If you are paying higher despite having a good credit score, you may want to speak to your lender about it and refinance your loan to a lower rate.
If you do not wish to refinance, you may want to pre-pay regularly to soften the blow of increasing tenors.
You could also voluntarily opt to pay higher EMIs which also acts as a pre-payment.
“In inflationary times such as this, it’s advisable to be proactive with your loan payments and pre-pay in some form regularly to minimise the rising interest. This is especially critical for new borrowers who’ve borrowed at rock-bottom rates of 6.50 to 7.50 per cent in recent years. These repo hikes may increase their loan tenors substantially and interfere with other financial plans such as retirement. New borrowers may be hesitant to take on a new loan now. But the decision to borrow or not to borrow boils down to their individual readiness,” said Shetty.

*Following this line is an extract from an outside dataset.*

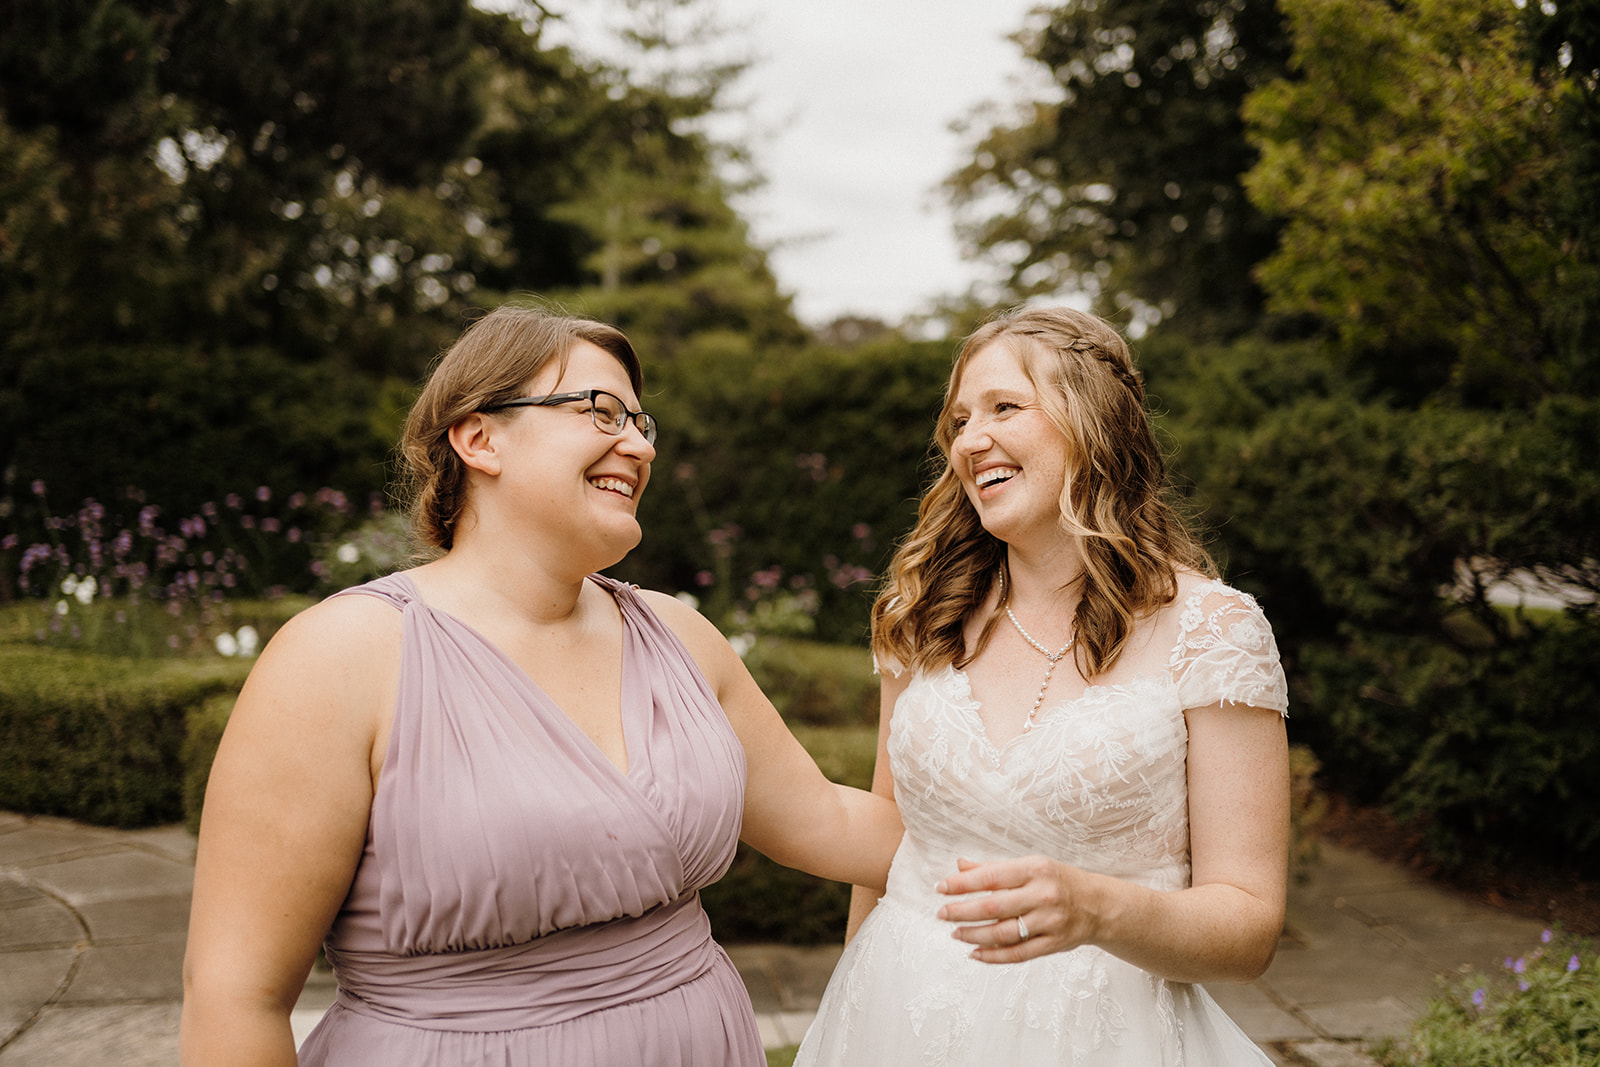 Bride smiling with bridesmaid.

Moderate impact on home sales:
“A rate hike was expected, but the expectation was for a maximum of 35 bps. The hike by 50 bps is definitely on the higher side, and home loan lending rates will now edge further into the red zone. This is the third consecutive rate hike in the last two months and finally marks the end of the all-time best low-interest rates regime – one of the major factors that drove housing sales across the country since the pandemic. This whammy comes along with the inflationary trends of primary raw materials, including cement, steel, labour, etc.,have recently led to a rise in property prices. Together, these factors – rising home loan rates and construction costs – will impact residential sales that did reasonably well in the first half of 2022,” said Anuj Puri, Chairman – ANAROCK Group.

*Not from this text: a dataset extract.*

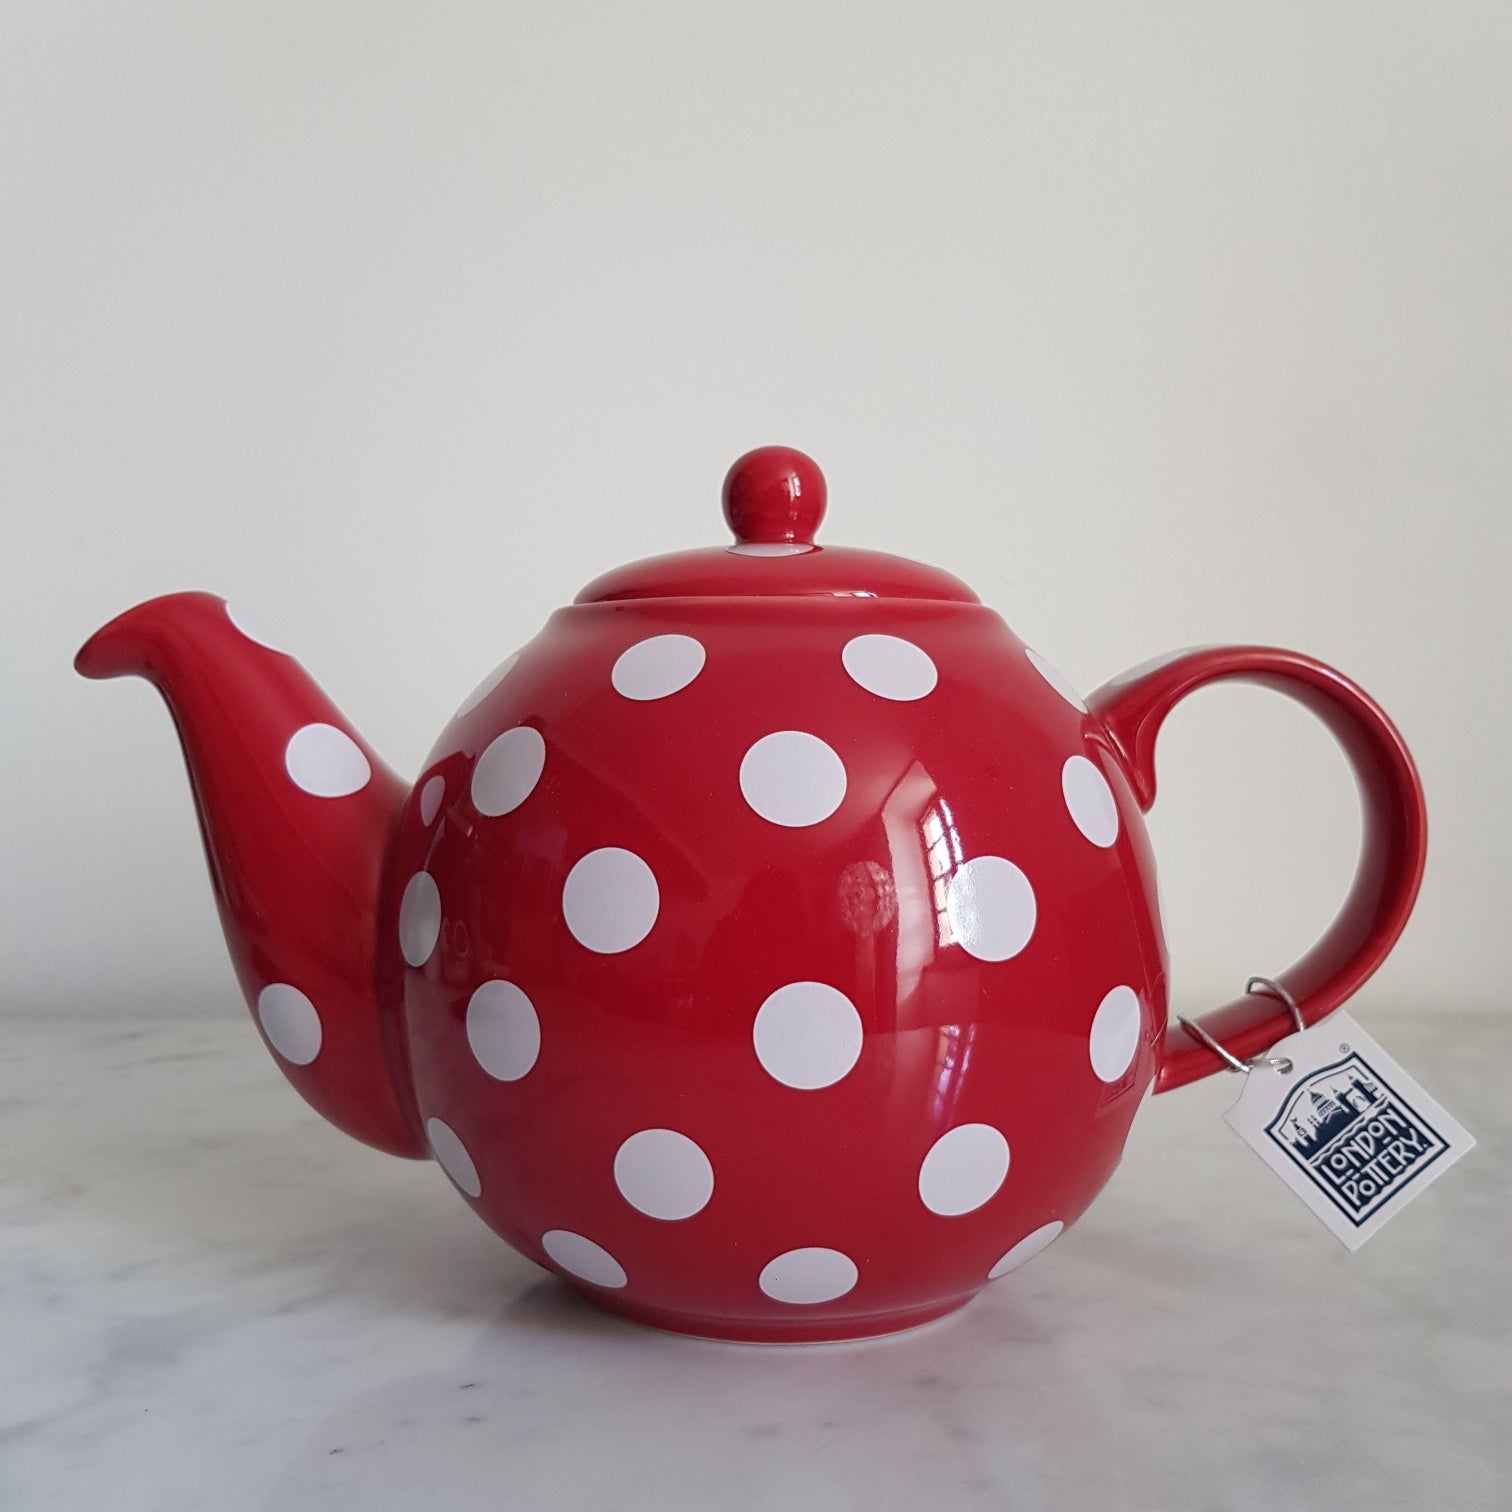 Angliškas raudonas arbatinukas su baltais taškeliais Londono keramika 1,2 l

“The impact of rate hike will be predominantly on the affordable housing side, which is primarily driven by sentiments and especially first-time home buyers who are heavily reliant on home loans. This decision will not make much difference in the luxury segment as the demand of home buyers in this segment is beyond these considerations,” said Lincoln Bennet Rodrigues, Chairman & Founder, The Bennet and Bernard Company, known for luxury holiday homes in Goa.
The rate hike is a non-event for markets
“RBI’s MPC decision to hike the repo rate by 50 basis points is in line with the market expectations, thus remaining a non-event,” said Santosh Meena, Head of Research, Swastika Investmart Ltd.
“On the liquidity front, the continuation of gradual withdrawal indicated by the RBI is a step in the right direction to bring about normalization and ease pressure on price rise. The assurance by the RBI governor to provide the requisite backing for ensuring stability in Indian Rupee is also a welcome announcement. On the whole, the ‘whatever it takes’ approach by the RBI augurs well for the growth and stability of the Indian economy, while putting an immediate check on inflation,” said Jyoti Prakash Gadia, Managing Director, Resurgent India.
In June policy, RBI decided to remain focused on the withdrawal of accommodation to ensure that inflation remains within the target going forward while supporting growth. During June 2022 policy, RBI projected inflation at 6.7% in 2022-23, with Q1 at 7.5%; Q2 at 7.4%; Q3 at 6.2%; and Q4 at 5.8%, with risks evenly balanced.
India’s consumer price index (CPI) inflation stood at 7.01% in June 2022 which slightly moderated from 7.01% in May. This year, in April, Inflation peaked at 7.79%.
Point to note: inflation has stayed above RBI’s upper limit of 6% for the sixth consecutive month.